- **WHAT IS REQUIRED**:
When you transcribe the data below, reproduce every line exactly and leave each picture out.

- **DATASET EXCERPT**:
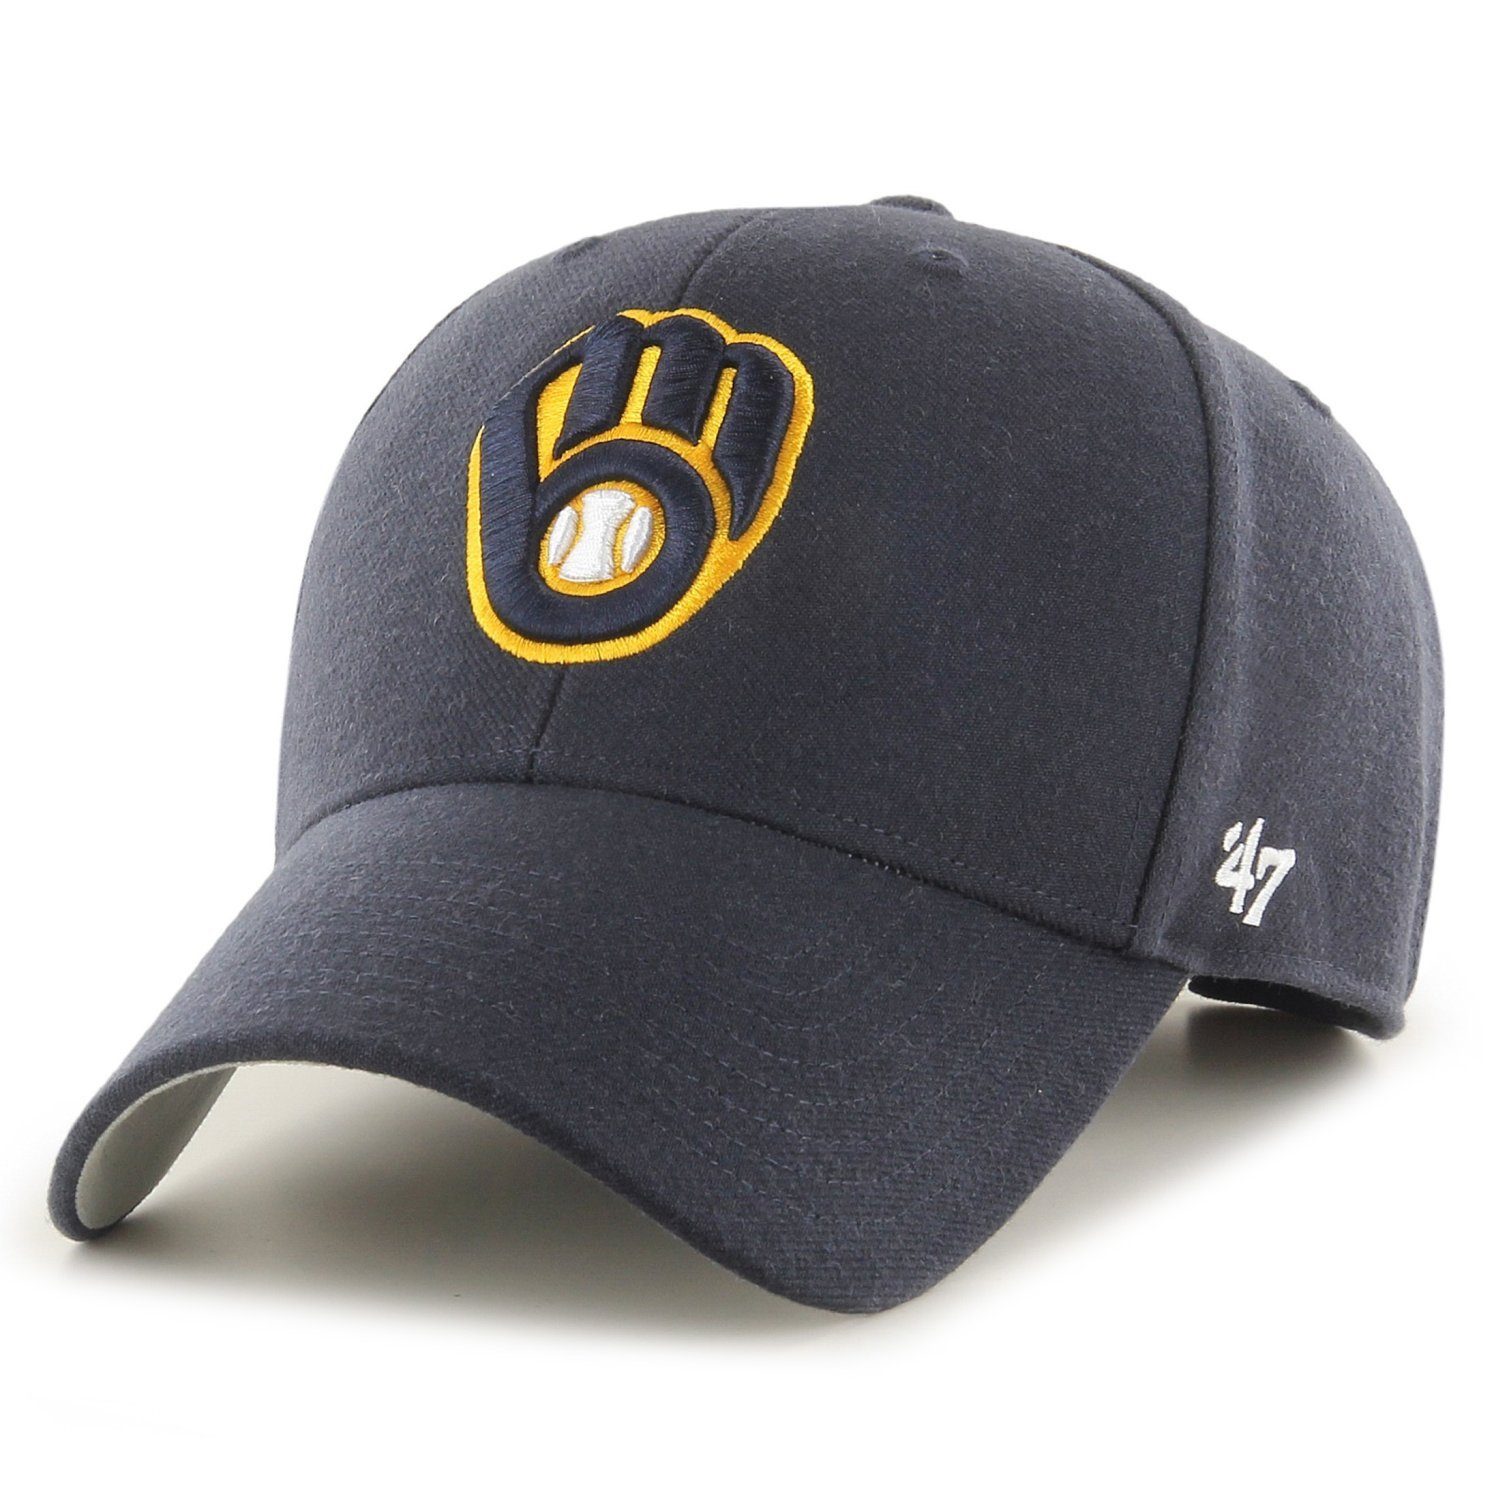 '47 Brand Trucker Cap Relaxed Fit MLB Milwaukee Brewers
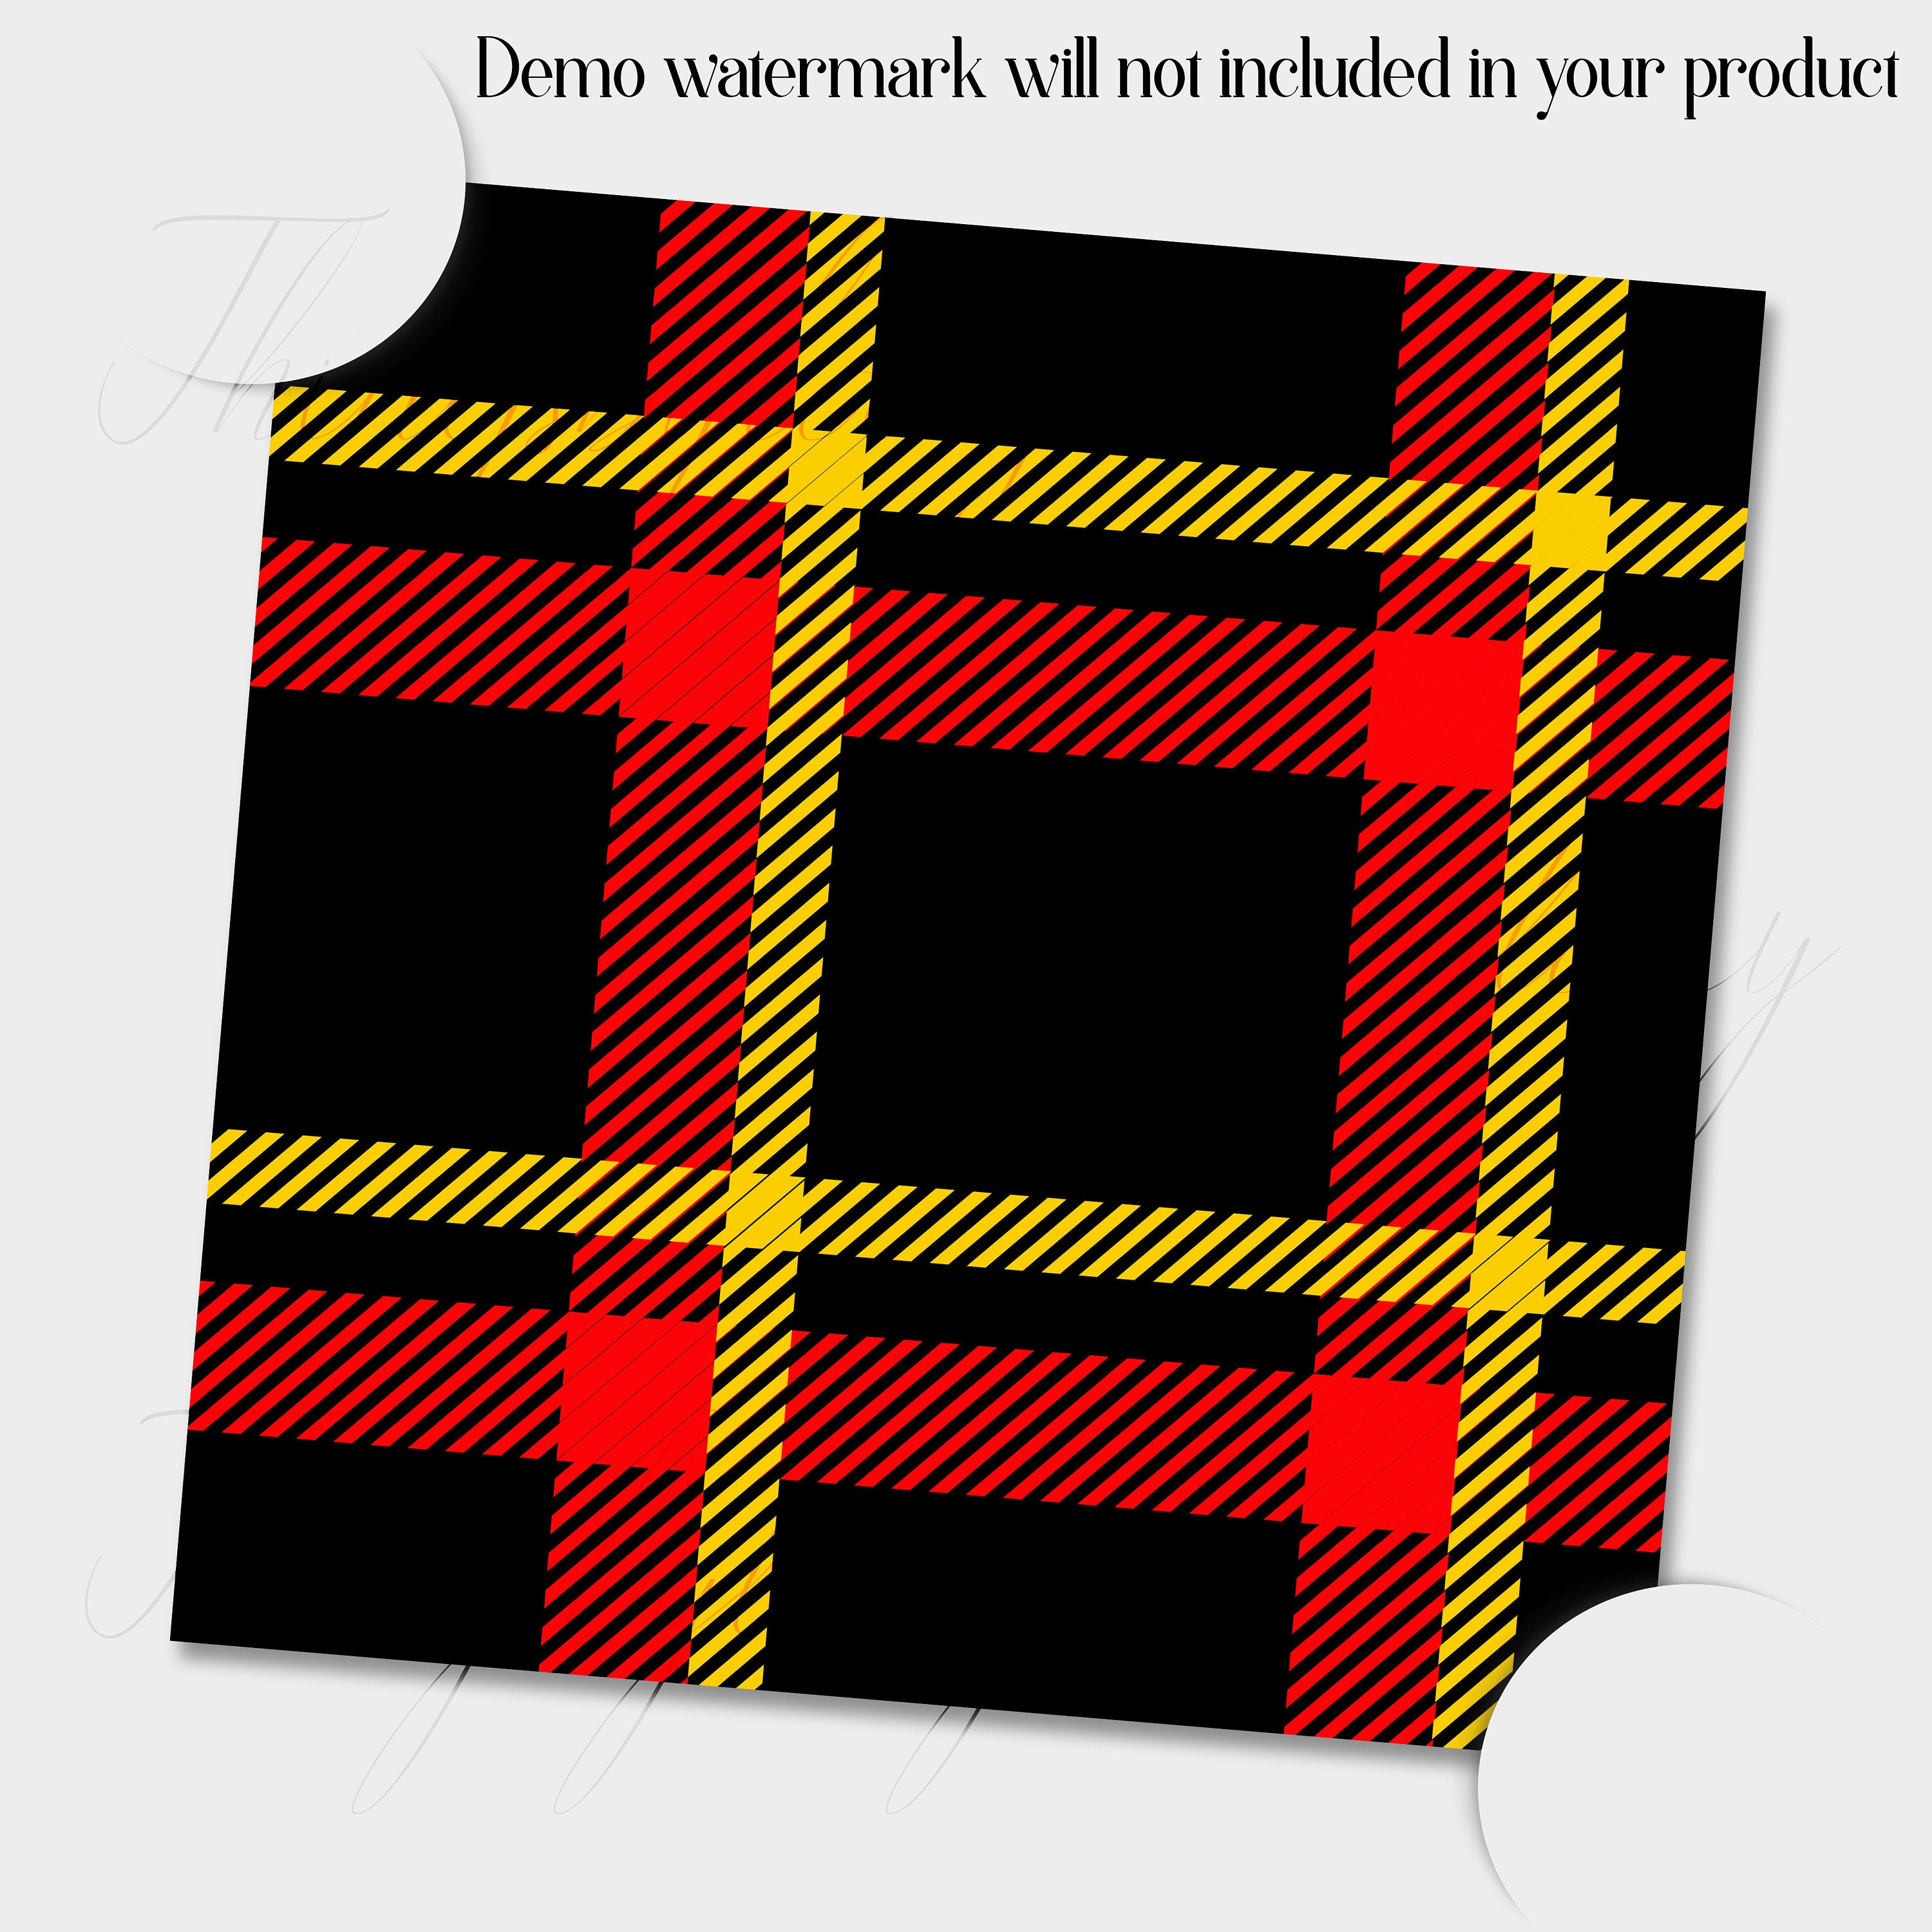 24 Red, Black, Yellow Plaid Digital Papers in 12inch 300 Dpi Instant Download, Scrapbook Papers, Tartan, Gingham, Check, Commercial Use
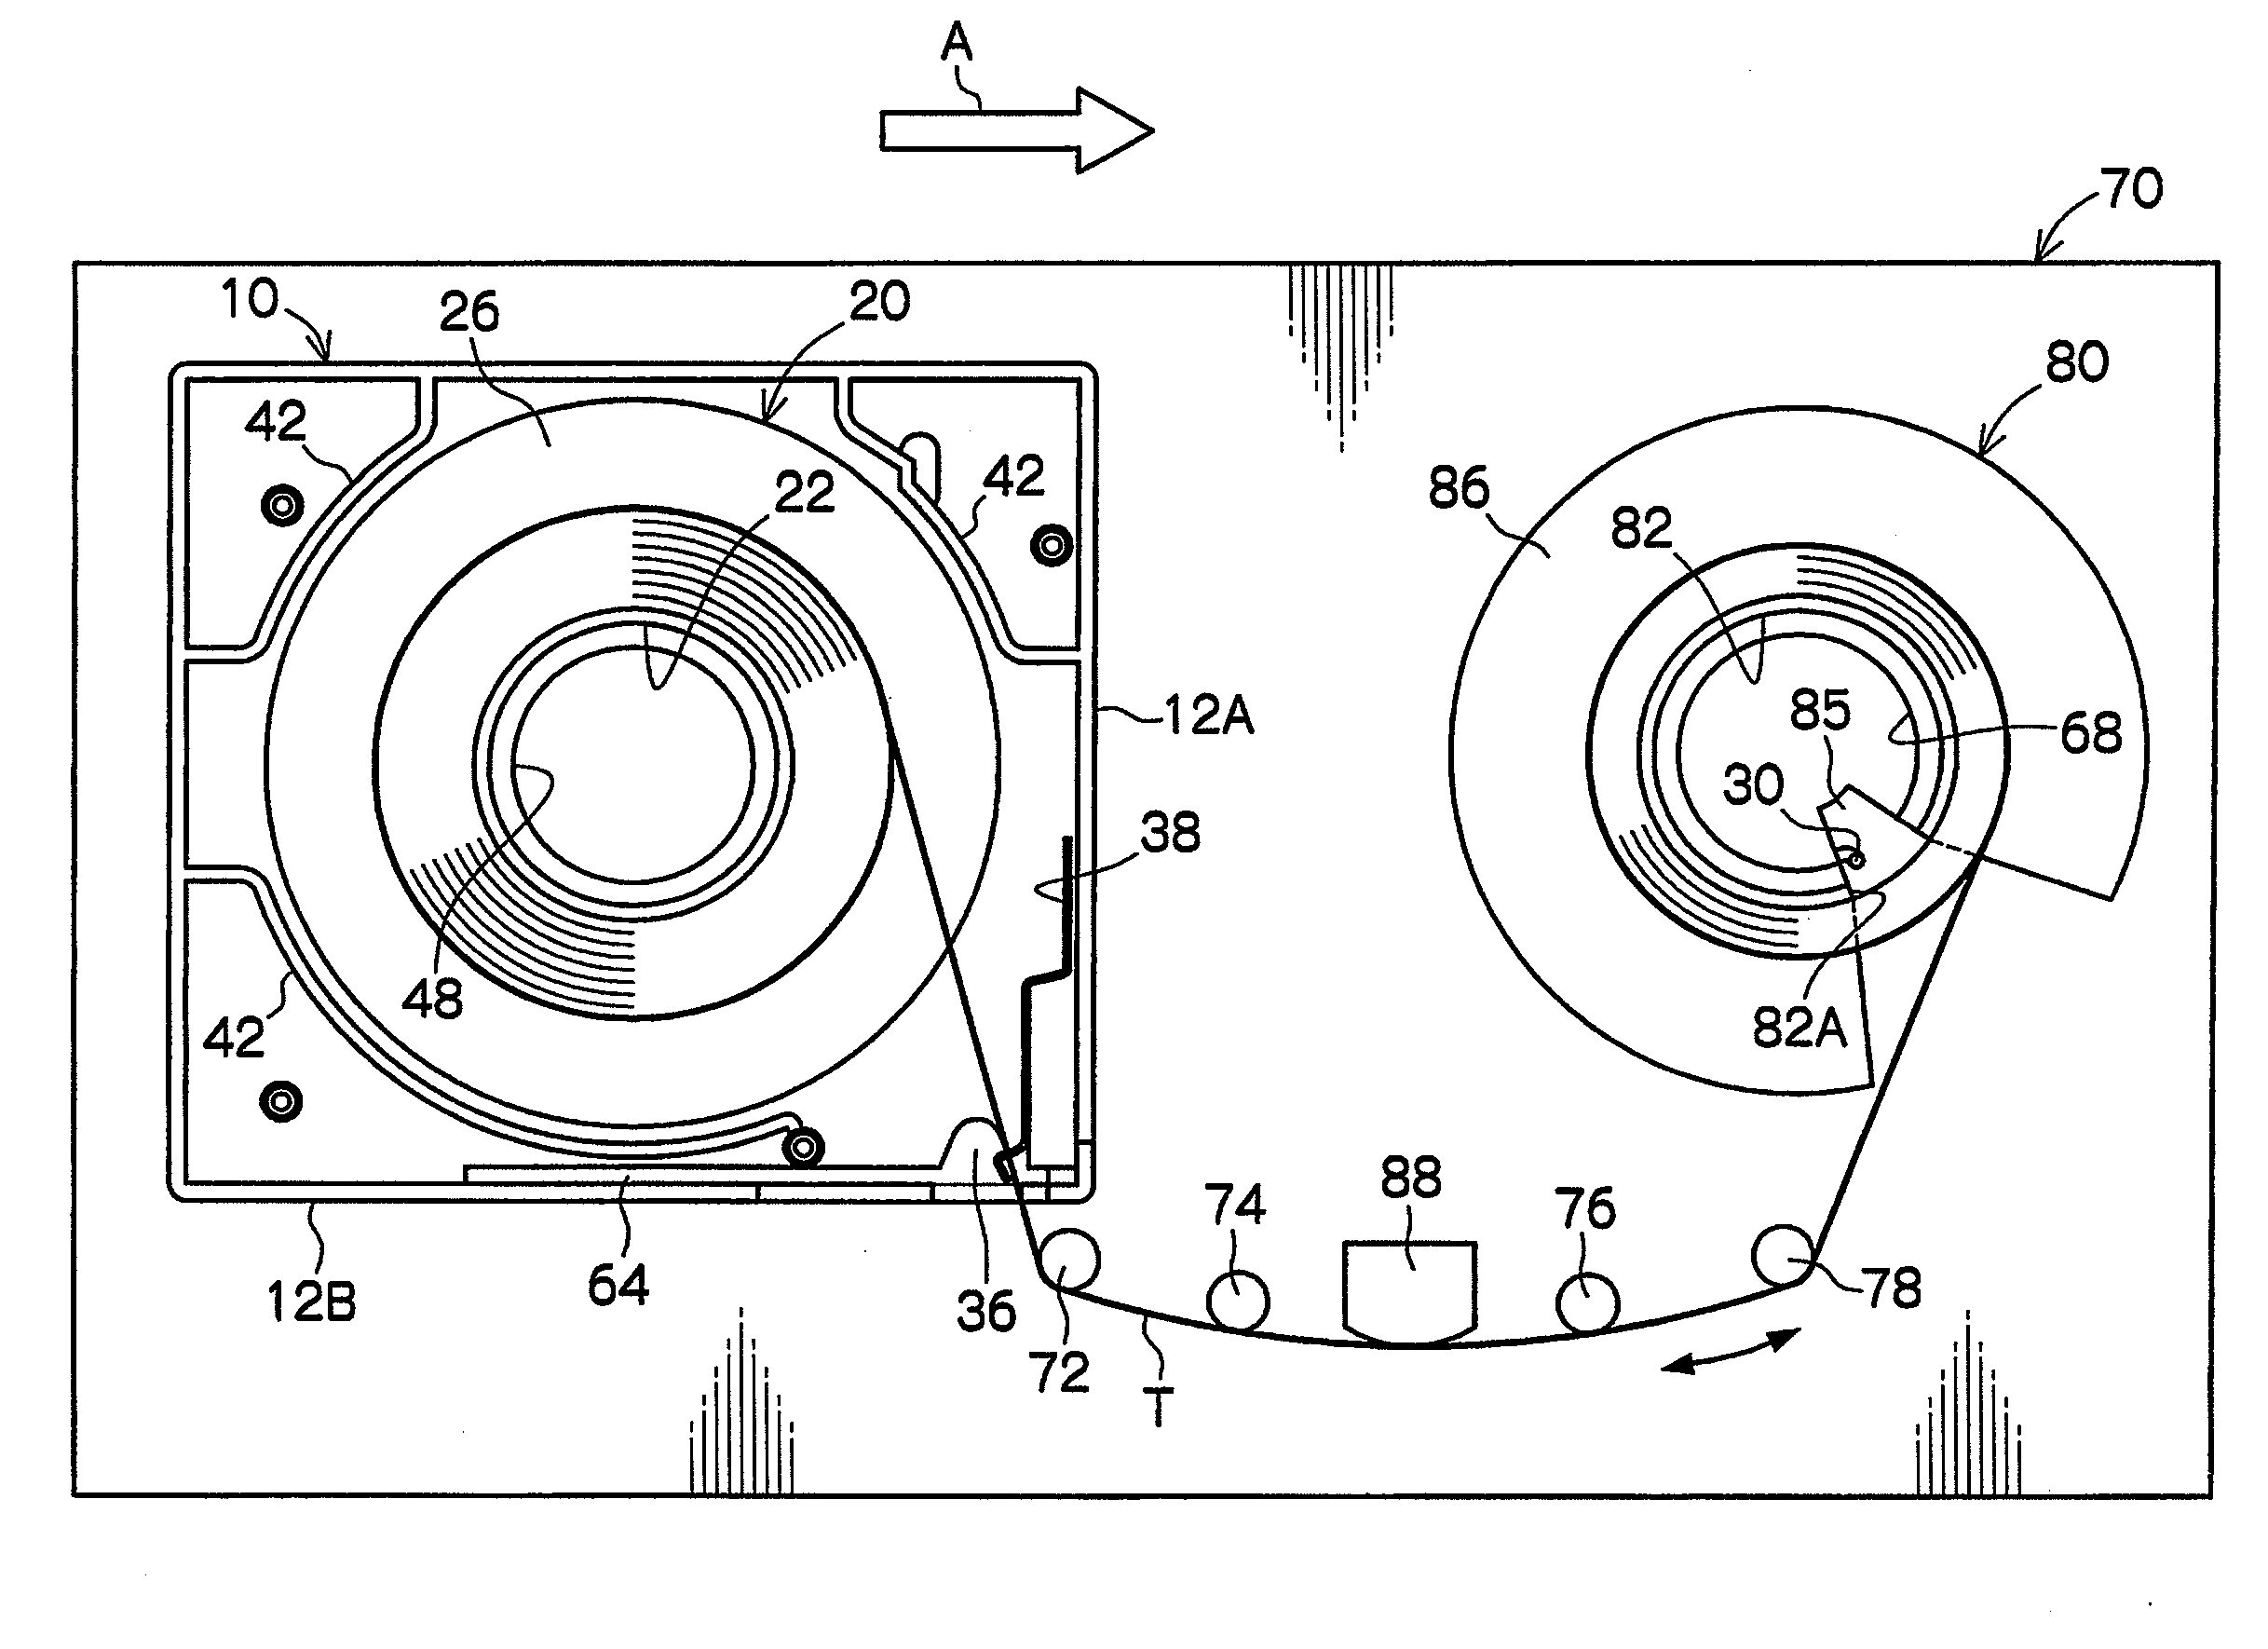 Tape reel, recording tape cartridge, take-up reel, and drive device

- **RESULT OF THE TASK**:
 '47 Brand Trucker Cap Relaxed Fit MLB Milwaukee Brewers
 24 Red, Black, Yellow Plaid Digital Papers in 12inch 300 Dpi Instant Download, Scrapbook Papers, Tartan, Gingham, Check, Commercial Use
 Tape reel, recording tape cartridge, take-up reel, and drive device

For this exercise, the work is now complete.